BishopAccountability.org

The Rebel Nuns, the Cardinal and a Showdown with the Vatican

By Tom Kington
The Guardian
June 9, 2012

http://www.guardian.co.uk/world/2012/jun/09/vatican-showdown-america-liberal-nuns

Cardinal William Levada, centre, will meet with Sister Pat Farrell in Rome. Photograph: Alessandra Benedetti

She is the American nun who after 15 years spent working with war refugees in El Salvador now leads the majority of the 57,000 Catholic sisters in the US. He is the American cardinal who marched in San Francisco protesting against gay marriage and was accused of turning a blind eye to paedophile priests before he took over the Vatican's doctrinal office, the modern version of the Inquisition.

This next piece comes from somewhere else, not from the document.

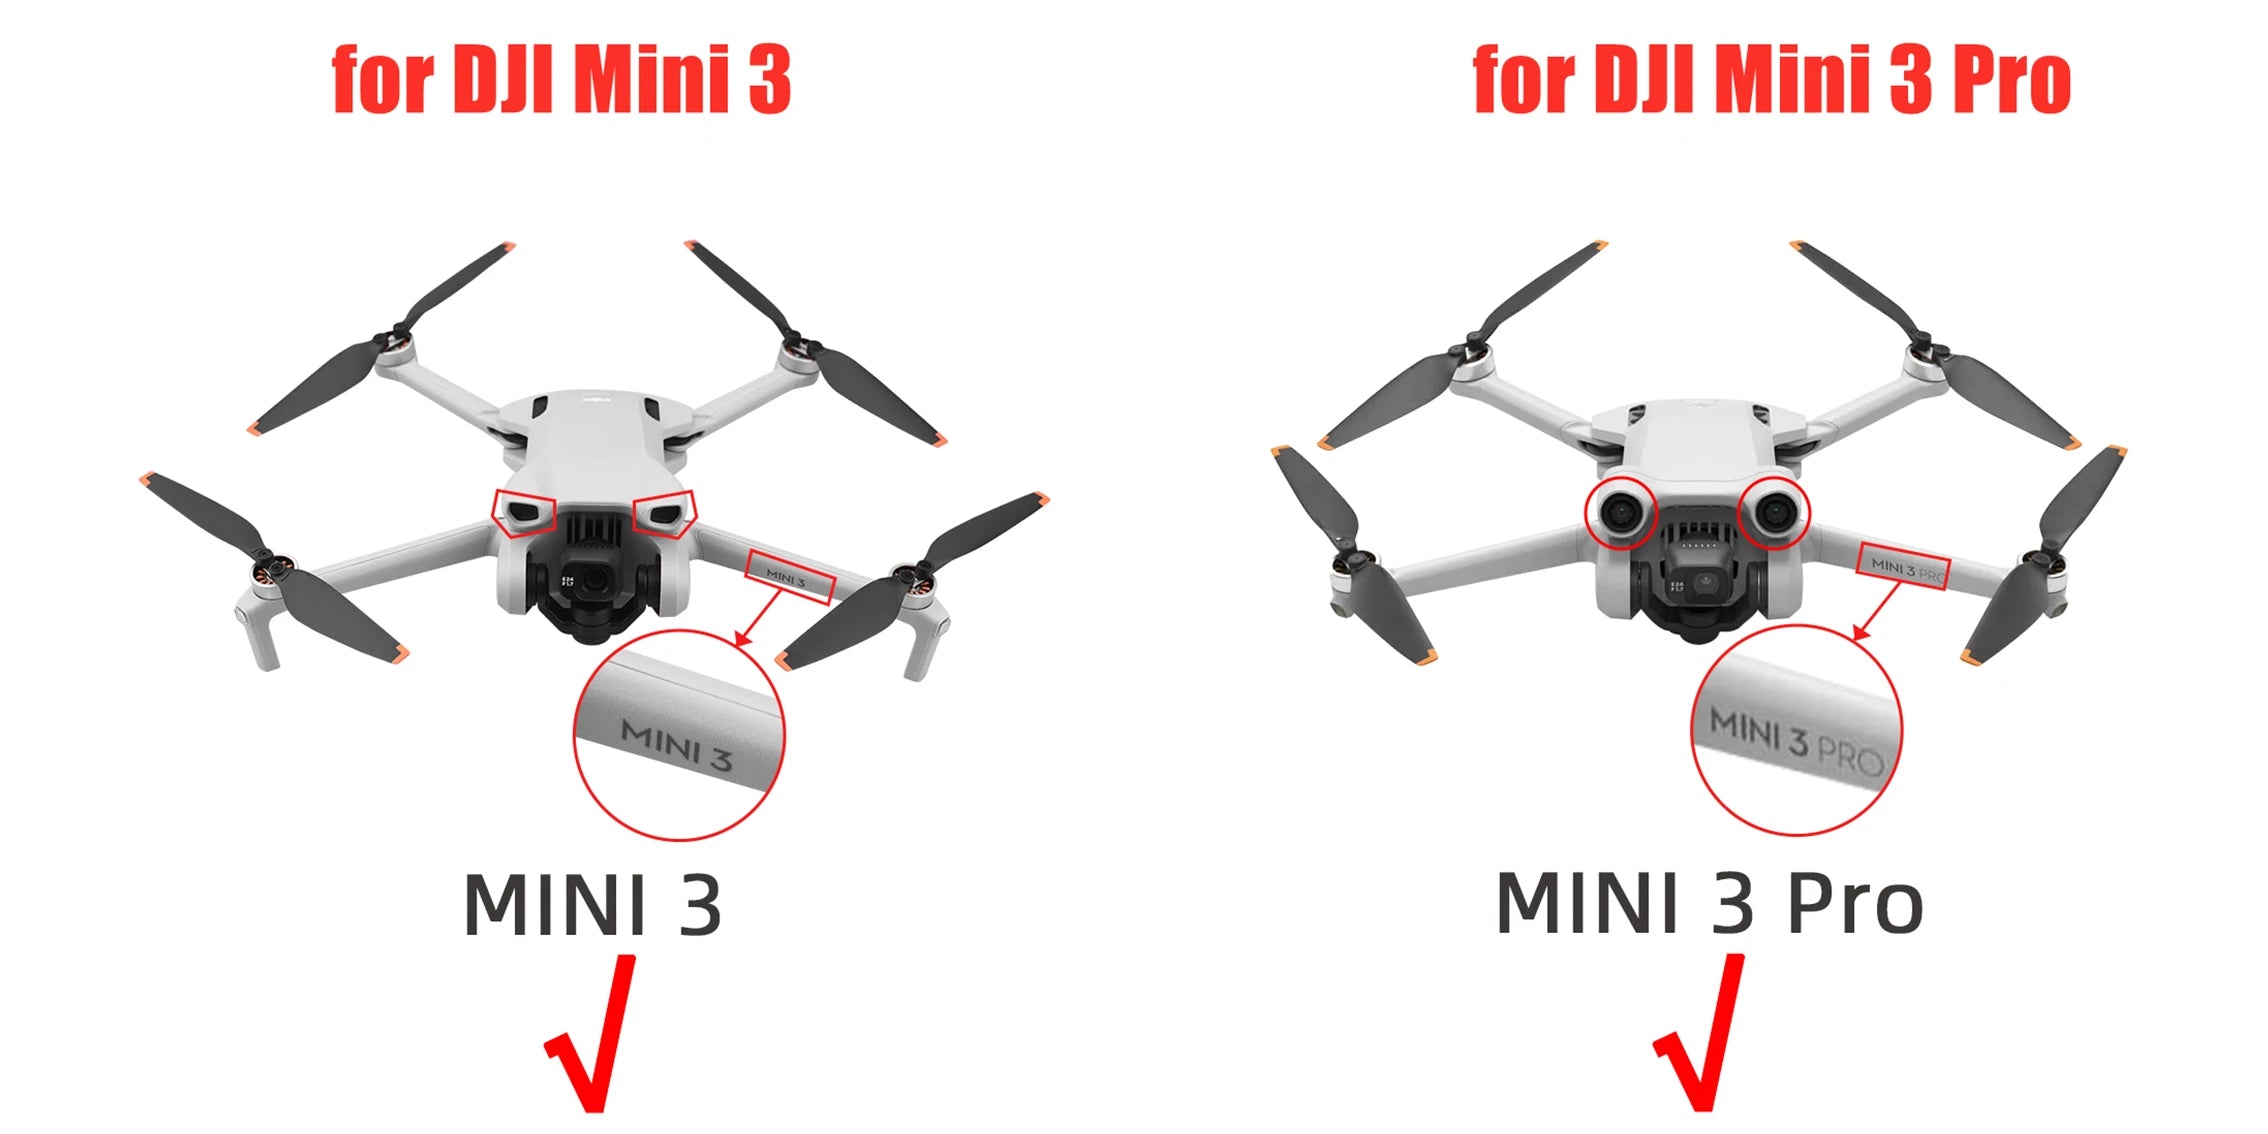 UV CPL ND8 Lens Filters For DJI MINI 3 PRO, the picture may not reflect the actual color of the item . please make sure you do not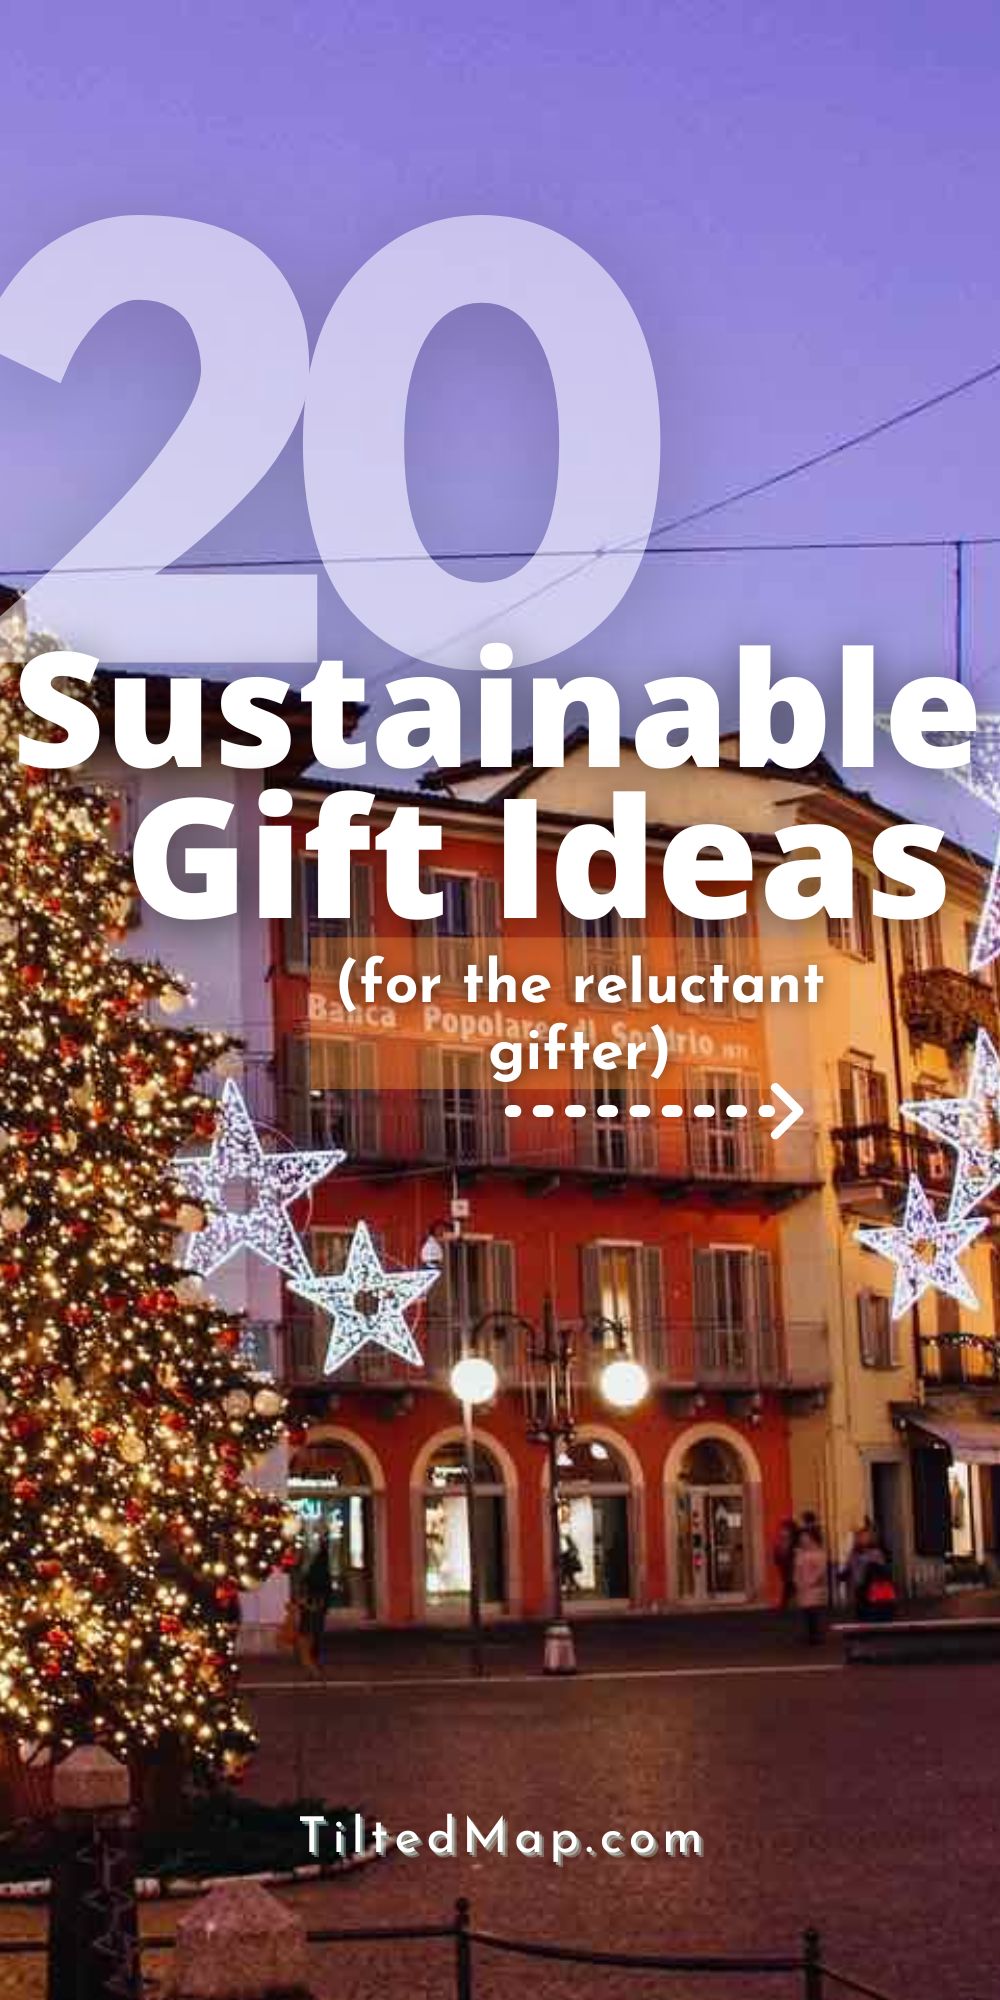 "20 Sustainable Gift Ideas for the Reluctant Gifter," from the blog TiltedMap.com, written over a photo of a brightly lit Christmas tree in a piazza in Italy.

On Tuesday, Pat Farrell and William Levada will clash in Rome at the climax of a raging row over what Catholicism means for women. It will be a confrontation that pits America's increasingly independent and broad-minded nuns against the Vatican's male guardians of the faith. "Pat Farrell knows it will be daunting, but she sees the importance of this meeting for the whole Catholic community," said her spokeswoman, Sister Annmarie Sanders.

The showdown follows the claim by Levada's department that Farrell's Leadership Conference of Women Religious, the umbrella organisation for most US orders, has been promoting "radical feminism" and glossing over the Vatican's hard line on gay marriage and abortion.

To set the sisters straight, Levada plans to send an archbishop to rewrite the group's statute and institute re-education programmes to combat heterodox thinking. The reaction from Farrell, the group's president, was swift, denouncing the Vatican move as causing "pain and scandal". "We're all hurt by this," she told the National Catholic Reporter.

"Nuns accusing the Vatican of causing scandal is nothing short of incredible," said US priest Father Jim Martin, who organised a Twitter drive defending the sisters. The Levada report follows an "apostolic visitation" to US orders to check on nuns' "quality of life".

"A lot of nuns are now in their 70s and it is demoralising to them that the Vatican should be asking them how often they pray. It's like investigating your grandmother," said Martin. As American Catholicism recovered from paedophile scandals that scared off believers and crippled the church with lawsuits, nuns were "the glue that keeps the church together in the US", he said.

Americans have been quick to back the nuns with protest vigils outside churches and a 50,000-strong petition, while seven groups of US Franciscan friars denounced the Vatican crackdown as "excessive". "The support has shown the sisters are valued in ways they didn't even know," said Sanders.

But few expect Farrell, who will be accompanied by the leadership conference's executive director, Sister Janet Mock, to change Levada's mind. "Nuns are lay people. They take vows of poverty and chastity, but they are not ordained, which is why they have no power," said Kenneth Briggs, author of Double Crossed: Uncovering the Catholic Church's Betrayal of American Nuns. "They are between a rock and a hard place." A Vatican spokesman insisted that Rome was merely helping the nuns. "It's not a standoff," he said.

Farrell will report back to the leadership conference assembly in August and has not ruled out severing ties between the group and Rome. "The option is always there," said Farrell, who is a member of the Sisters of St Francis in Iowa, an order founded in Germany in 1864 to care for orphans and the elderly.

Levada, a former archbishop of San Francisco, has shrugged off doubts about his record over catching abusive priests to become head of Congregation for the Doctrine of the Faith, making him the most powerful American at the Vatican. He has a habit of rapping nuns' knuckles. Last week the congregation condemned Sister Margaret Farley, a professor emeritus of Christian ethics at Yale University, for a book in which she approved of gay marriage and divorce and praised female masturbation. The Vatican said the book treated Catholic doctrine "as one opinion among others", and took issue with Farley's claim that "self-pleasuring" could help marriages, calling it instead a "gravely disordered action".

"It has become abundantly clear that, particularly in matters related to the pelvic zone, the hierarchy is not interested in exploring questions or engaging in dialogue," columnist Jamie Manson wrote in the National Catholic Reporter. On Thursday, the 1,500-strong Catholic Theological Society of America also backed Farley against the Vatican.

The Vatican's crackdown has a whiff of politics, since many sisters backed Barack Obama's healthcare plan in the face of opposition from bishops over measures on contraception.

There were 185,000 nuns in the US in 1965 and conservative orders say the dramatic drop in numbers since is due to the move away from hardline Catholicism. Conservative orders make up about 20% of nuns in America, are more likely to live in convents and wear habits, and are not members of the leadership conference. "The Nashville Dominicans tend to be the model conservative group held up to show how bad the liberals are," said Briggs. The conflict between liberals and the Vatican has built up since the mid-1960s Second Vatican Council, which handed nuns new freedoms.

"Many nuns stopped wearing habits and moved out of their convents, going into new professions instead of just teaching and working in hospitals," said Briggs. "The Vatican handed them freedom, they took it, but then the boys in the office noticed."